JAKARTA - Dans une clinique privée de Jakarta, une aide-soignante envoie de la fumée dans la bouche d'une patiente, gravement malade. En Indonésie, l'un des derniers paradis pour les fabricants de tabac, même les malades du cancer sont traités à l'aide de... cigarettes.

La patiente, occidentale, souffre d'emphysème après avoir fumé pendant des décennies. Avec le cancer et l'autisme, cette maladie des poumons est l'un des maux que la clinique Griya Balur prétend soigner.

Griya Balur serait interdite sur de nombreux continents, mais pas en Indonésie, l'un de ces pays émergents qui font figure de refuges pour les grands fabricants de tabac dont les bénéfices décroissent en Occident.

Une forte tradition de consommation de tabac, notamment de cigarettes aux clous de girofle (kretek), une faible réglementation et les milliards de dollars que récolte le gouvernement grâce aux cigarettes, font que les cliniques telles que Griya Balur ont pignon sur rue.

Le Dr Gretha Zahar assure à l'AFP que sa clinique a traité 60.000 malades avec de la fumée de cigarettes depuis dix ans.

Dotée d'un doctorat en nanochimie obtenu à l'université Padjadjaran à Bandung, dans l'ouest de Java, le Dr Zahar pense qu'en manipulant le niveau de mercure dans le tabac, on peut soigner beaucoup de maladies, dont le cancer, et empêcher le processus de vieillissement.

"Le mercure est la cause de toutes les maladies. Mes cigarettes, que nous appelons les Cigarettes Divines, contiennent des actifs qui extraient le mercure dans le corps" du malade, assure-t-elle.

Sur son site, elle dit ne pas avoir besoin de soumettre ses méthodes à des tests cliniques ou publier dans les revues spécialisées. Elle n'a pas non plus l'argent pour "se battre" contre "les scientifiques de la médecine occidentale".

Semblant ignorer que le tabac créé une dépendance et nuit à la santé, les Indonésiens, jeunes et vieux, répondent avec enthousiasme aux campagnes publicitaires des fabricants.

On fume dans les salons de beauté et les salles d'attente des dentistes. Certains parents donnent des cigarettes à leurs jeunes enfants pour qu'ils restent calmes. Des cigarettes sont distribuées gratuitement aux adolescents lorsqu'ils achètent des places de concert.

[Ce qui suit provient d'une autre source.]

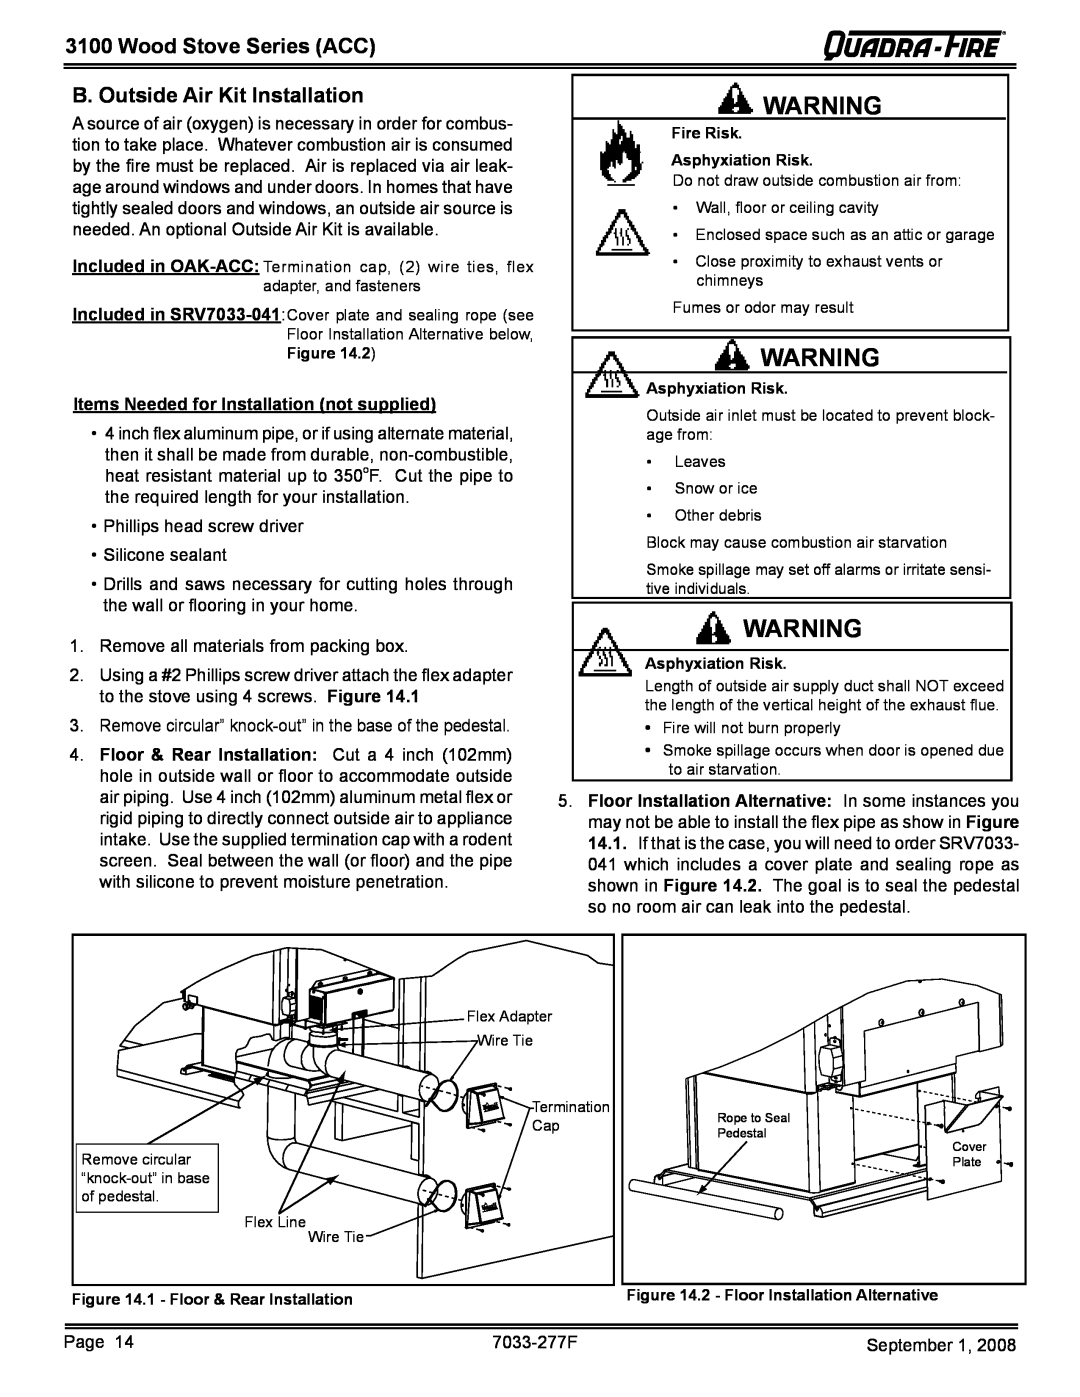 Hearth and Home Technologies 31ST-ACC, 31M-ACC-MBK owner manual B. Outside Air Kit Installation, Wood Stove Series ACC

Les lois d'interdiction de fumer dans certains lieux sont rarement appliquées et les publicités pour le tabac envahissent le paysage comme les écrans télévisés.

Un paquet coûte environ un dollar (0,69 euro) et le tabac représente souvent le deuxième poste de dépense, après la nourriture, pour les foyers les plus pauvres de ce pays d'Asie du sud-est.

Selon l'Organisation mondiale de la Santé (OMS), la proportion de fumeurs en Indonésie a été multipliée par six en quarante ans. Quelque 400.000 personnes meurent chaque année de maladies liées au tabac.

Mais l'Indonésie reste le seul pays d'Asie à ne pas avoir ratifié la convention-cadre de l'OMS pour la lutte contre le tabac, à laquelle pourtant 172 parties ont adhéré, ce qui en fait l?un des traités ayant remporté la plus large adhésion dans l?histoire des Nations Unies.

Le plus grand fabricant indonésien de cigarettes, Sampoernaa été acquis à prix d'or par Philip Morris International. En 2009, British American Tobacco avait acheté le numéro quatre du pays, Bentoel, pour 494 millions de dollars.

Chaque année, le gouvernement reçoit 7 milliards de dollars de taxes grâce à ce secteur, qui emploie des milliers de personnes autour de la ville de Temanggung, dans le centre de Java.

Pour les anti-tabac, les industriels du secteur ont recours aux mêmes astuces dans les pays émergents que ceux utilisés il y a quelques décennies en Occident: faire de la cigarette un symbole de virilité auprès des hommes, la présenter comme cool et sexy, voire bonne pour la santé, auprès des femmes et des enfants.

Un projet de loi sur la réglementation du tabac en 2009 ne mentionnait même pas que le tabac créait une dépendance. Un simple oubli, avait assuré le gouvernement, avant de rectifier la loi.